Problem description
The model consists of a circular disk with an inner radius of 1 and an outer radius of 2. No particular unit system is used, but it is assumed that the units are consistent. The disk is in contact with a flat rigid surface and spins at a constant angular velocity. Friction is neglected so that the disk spins without translating along the surface. Inertia effects are also neglected. The material is incompressible hyperelastic with instantaneous elastic moduli 100 and 25, shear relaxation coefficient 0.2, and relaxation time 0.1s. Plane strain boundary conditions are applied in the axial direction.
The steady-state transport analysis capability requires a finite element mesh of the cross-section of the body as a starting point. The cross-section is discretized with axisymmetric CAX4RH elements. The inside of the disk is assumed to be in contact with a rigid rim. We model this by a kinematic coupling constraint that couples all the nodes on the inside surface to a reference node placed on the center of the axle. This node is used to prescribe the motion of the disk in the subsequent three-dimensional Lagrangian reference analysis. A kinematic coupling constraint is specified.
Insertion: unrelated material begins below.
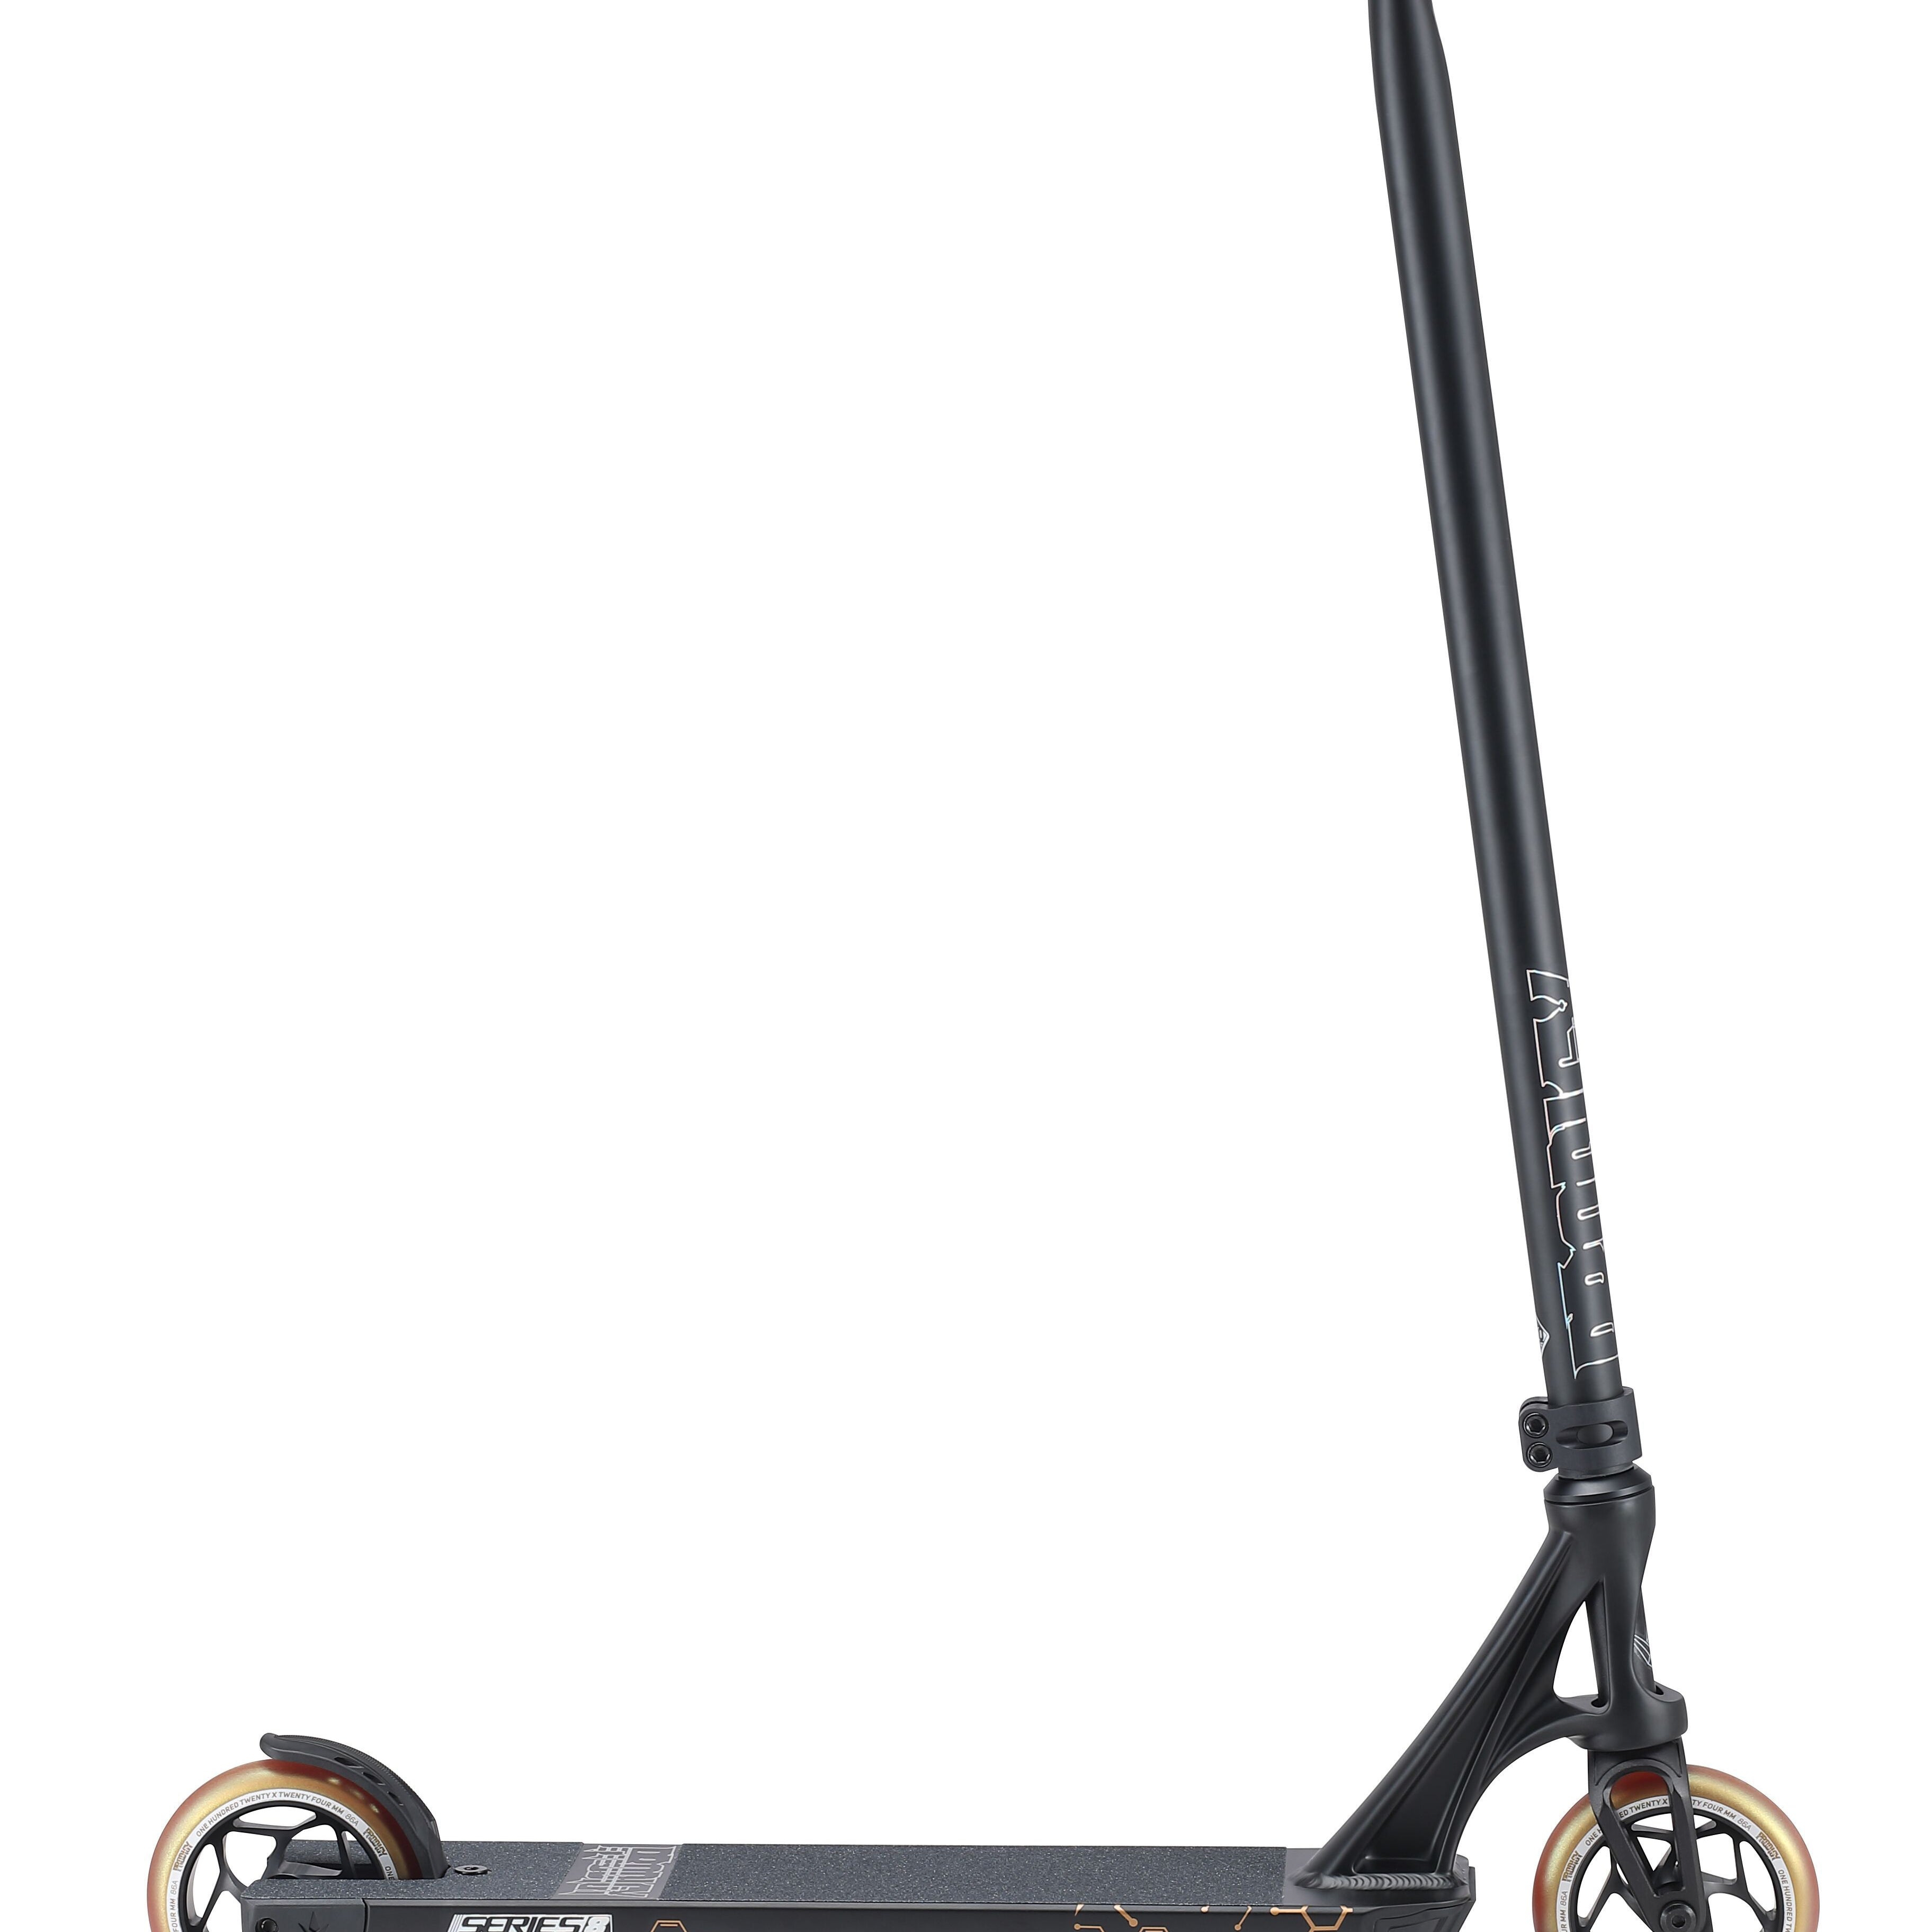 Envy Prodigy S8 Street Edition - Scooter Complete Black Gold Side View

A datacheck analysis is performed to write the axisymmetric model information to a restart file. The restart file is then read in a subsequent run, and a three-dimensional model is generated by Abaqus by revolving the cross-section about the symmetry axis using symmetric model generation. This method of generating the finite element model is required by Abaqus to define the streamlines in the model. The axisymmetric CAX4RH elements are converted to C3D8RH elements during the model generation. Since the foundation is not axisymmetric, it is defined in the three-dimensional model as a rigid surface. The three-dimensional finite element mesh is shown in Figure 1. To obtain a reference solution, a similar mesh is used for a Lagrangian analysis except that the entire circumference is finely discretized to accommodate the changing contact conditions during the spinning motion.
We also include a model using cylindrical (CCL12) elements.